→ EXERCISE DIRECTIONS
Reproduce each line of the following material exactly, omitting the images.

→ COLLECTED DATA
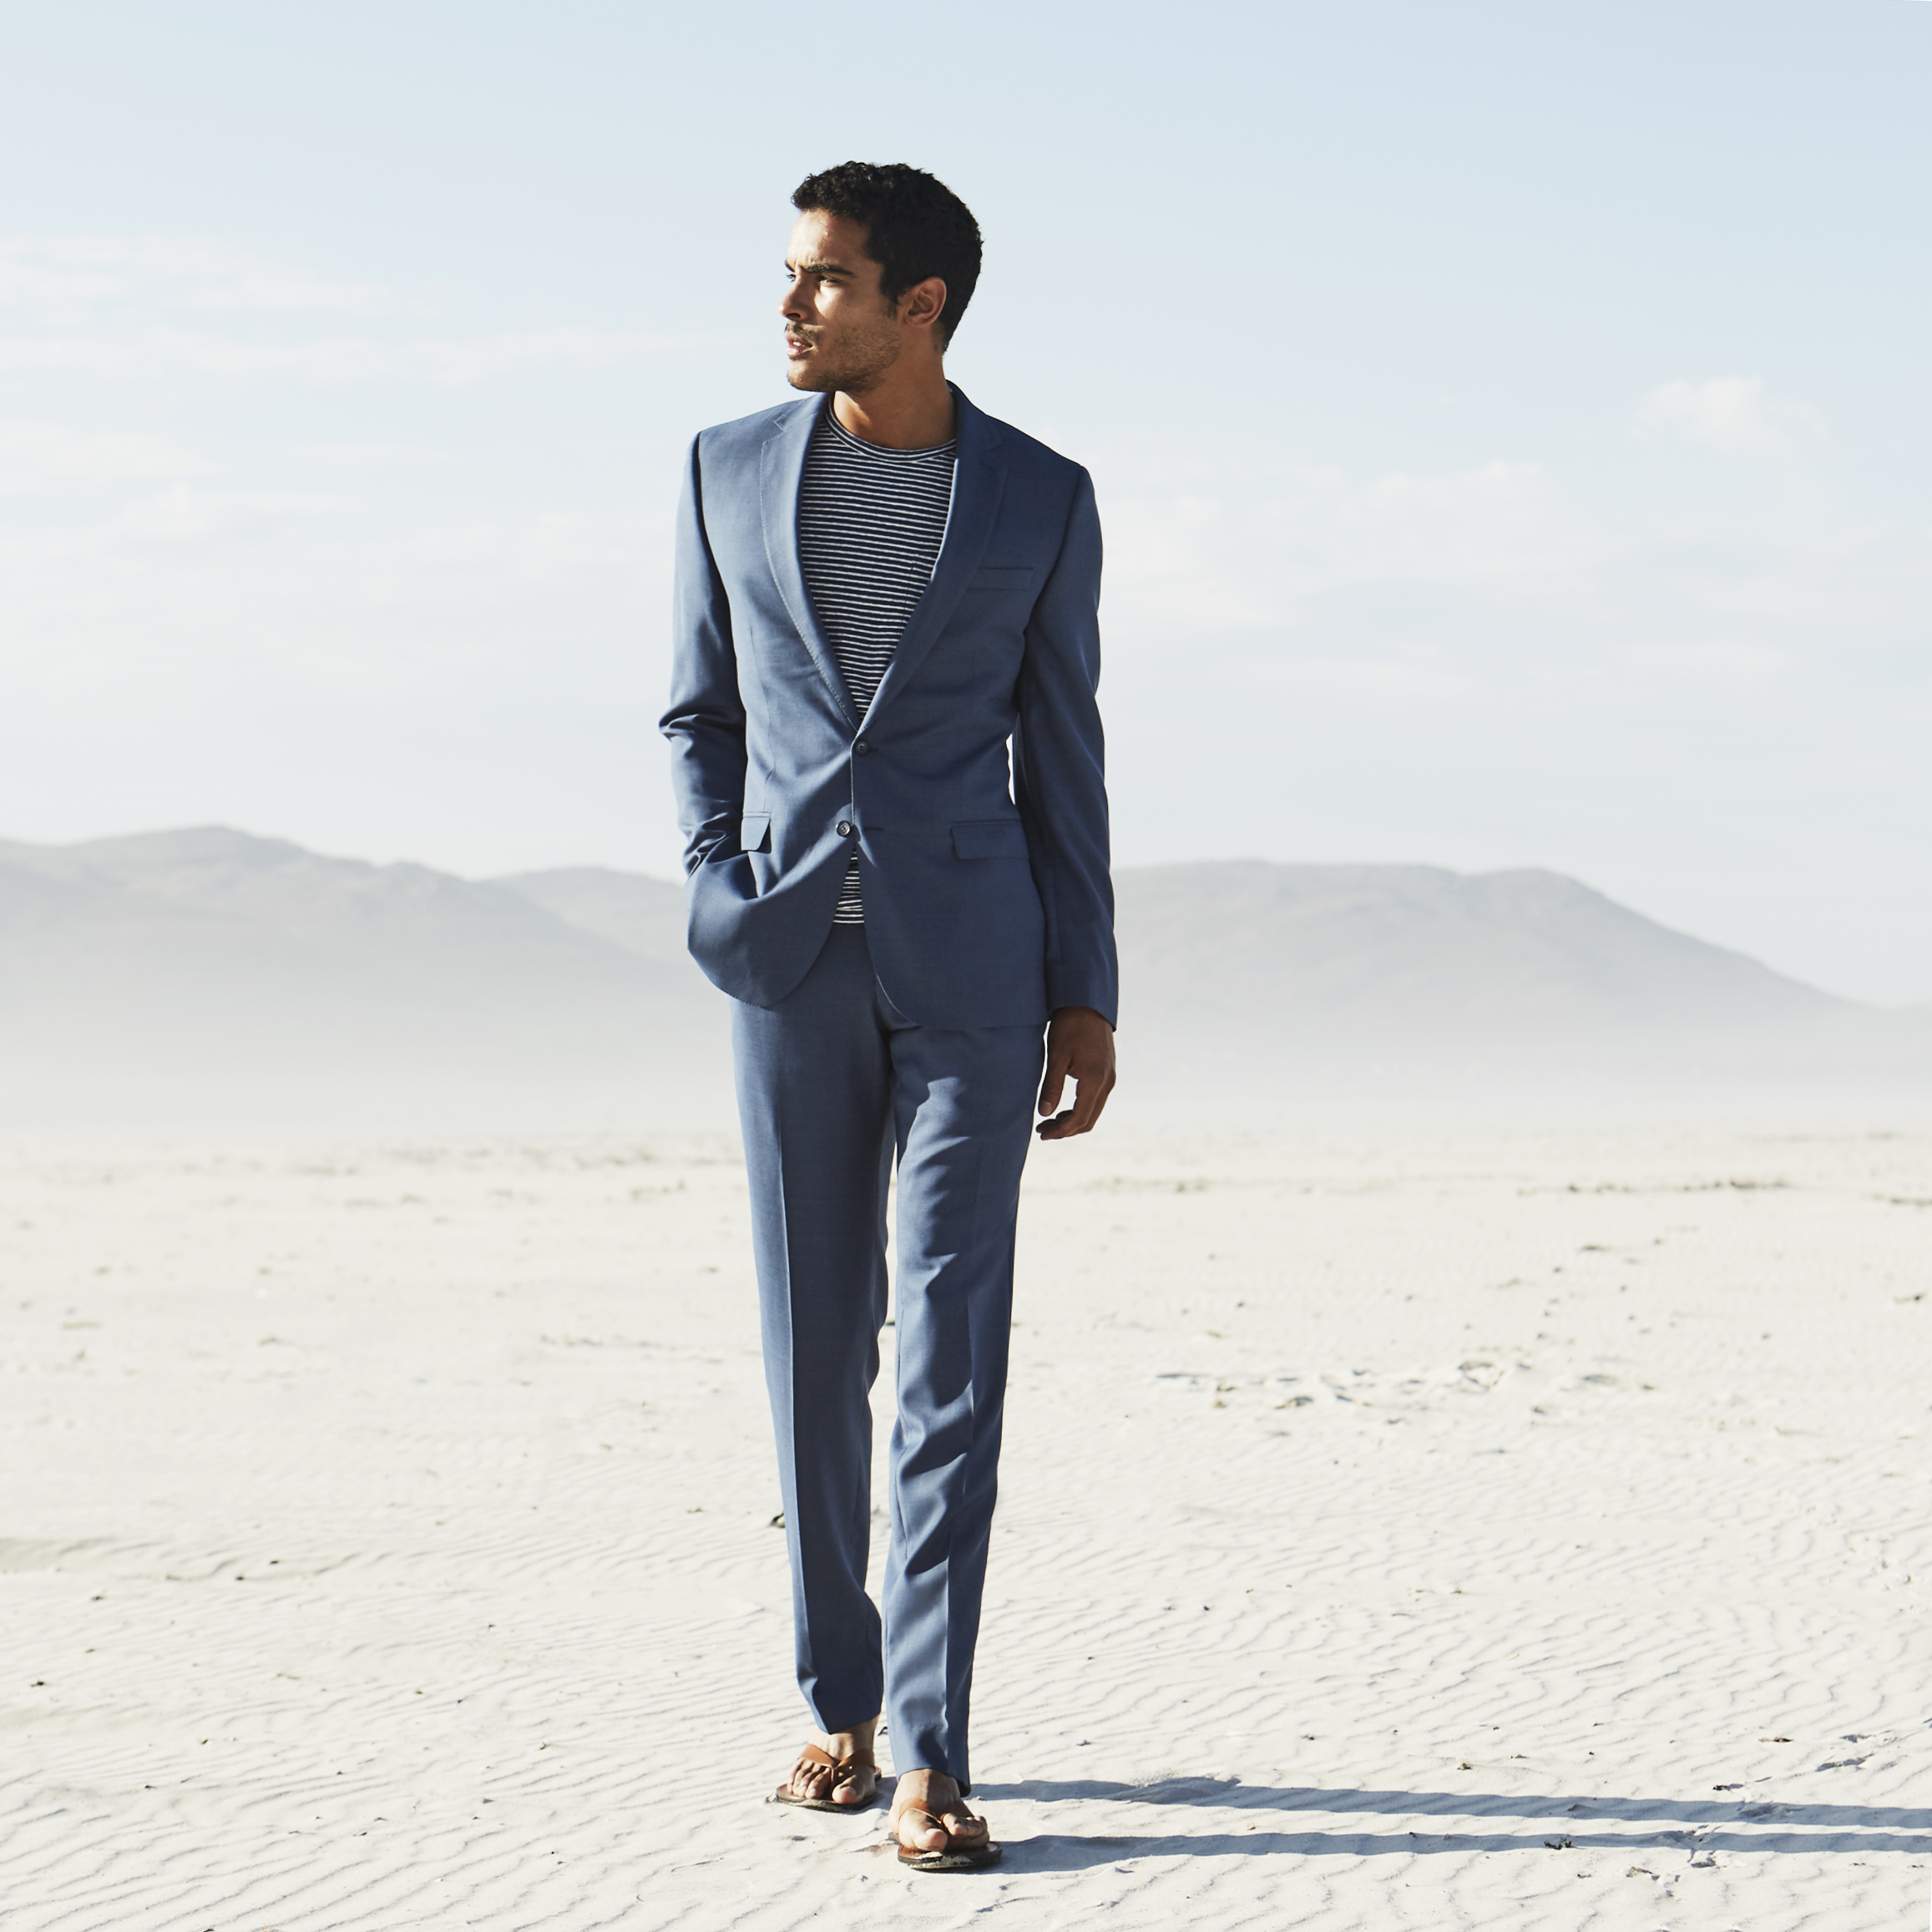 COUNTRY ROAD SS16 | THE SUMMER SUIT
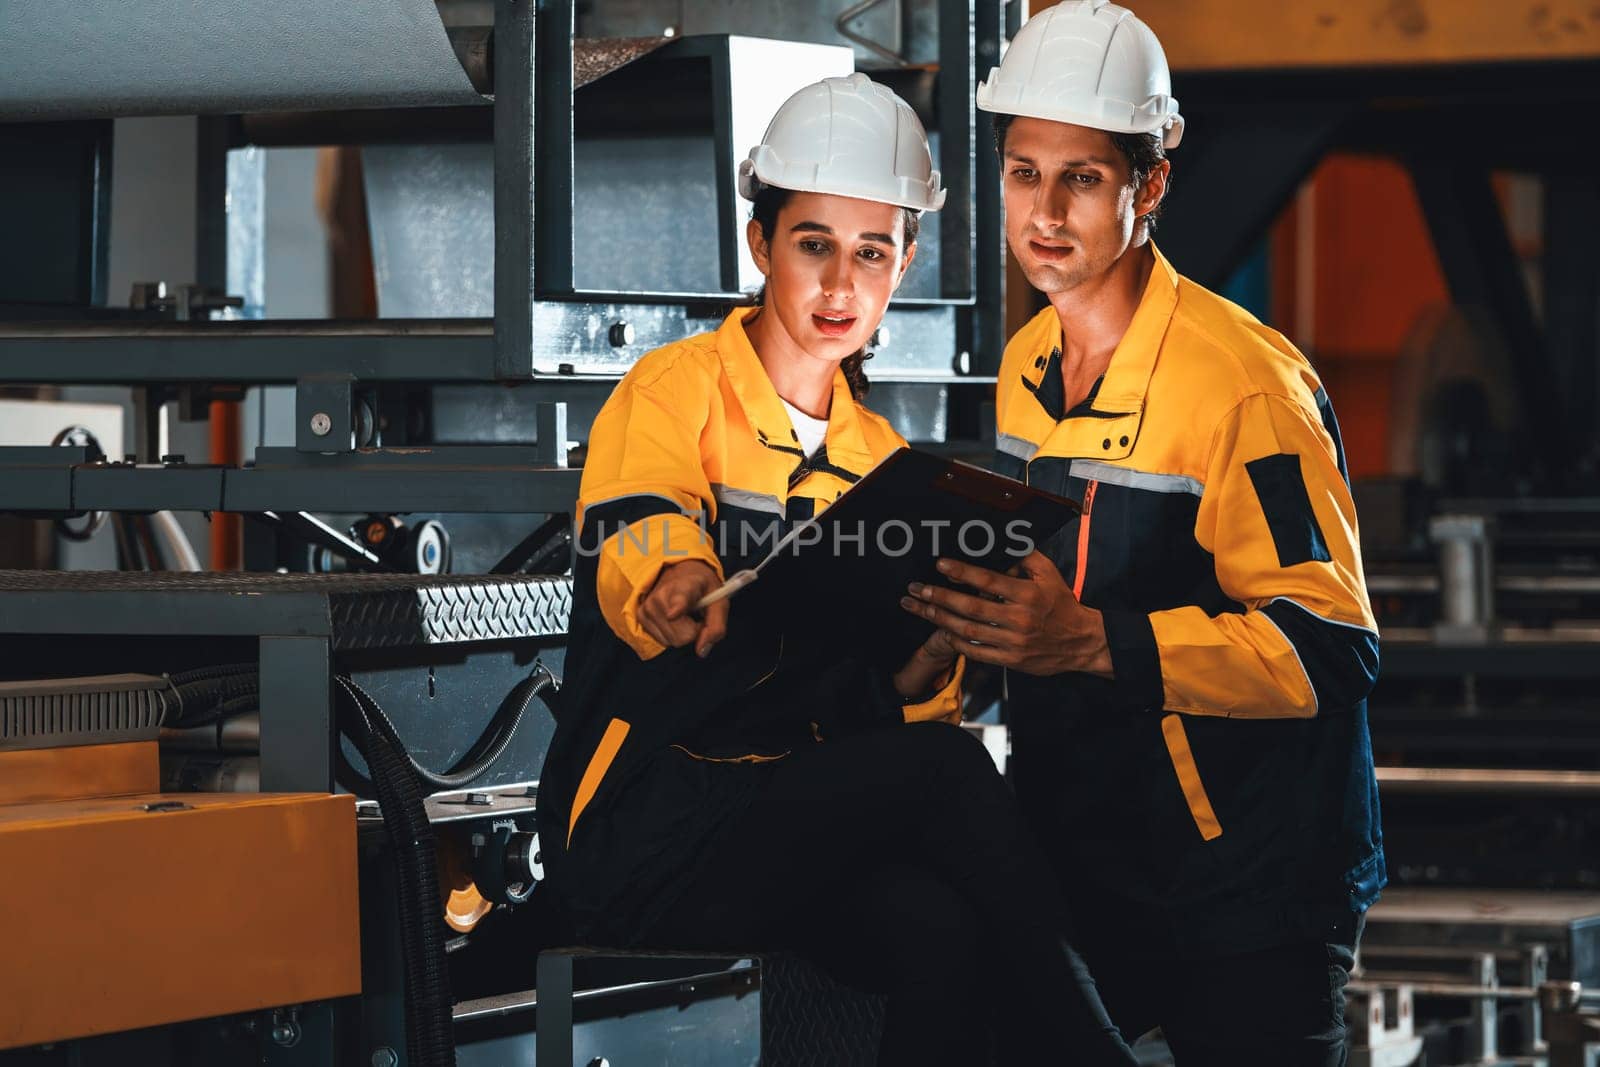 Professional quality control inspector conduct safety inspection on steel machinery and manufacturing process. Factory engineer or operator make optimization in heavy industry facility. Exemplifying
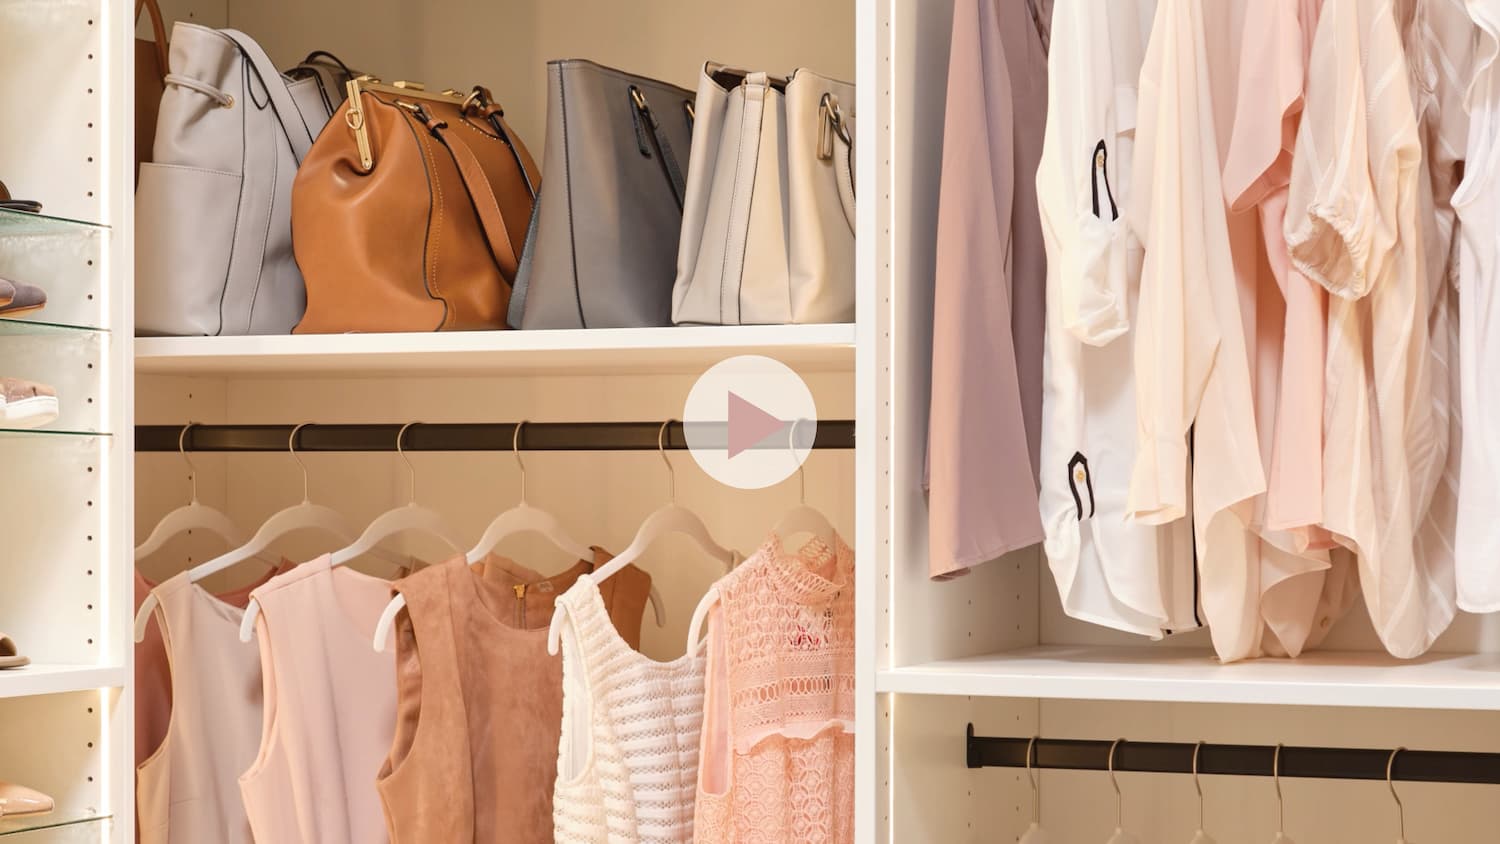 Stow Away Your Accessories in Style With These Purse Storage Ideas  Purse  storage, Organizing purses in closet, Purse organization storage

→ WRITTEN ANSWER
 COUNTRY ROAD SS16 | THE SUMMER SUIT
 Professional quality control inspector conduct safety inspection on steel machinery and manufacturing process. Factory engineer or operator make optimization in heavy industry facility. Exemplifying
 Stow Away Your Accessories in Style With These Purse Storage Ideas  Purse  storage, Organizing purses in closet, Purse organization storage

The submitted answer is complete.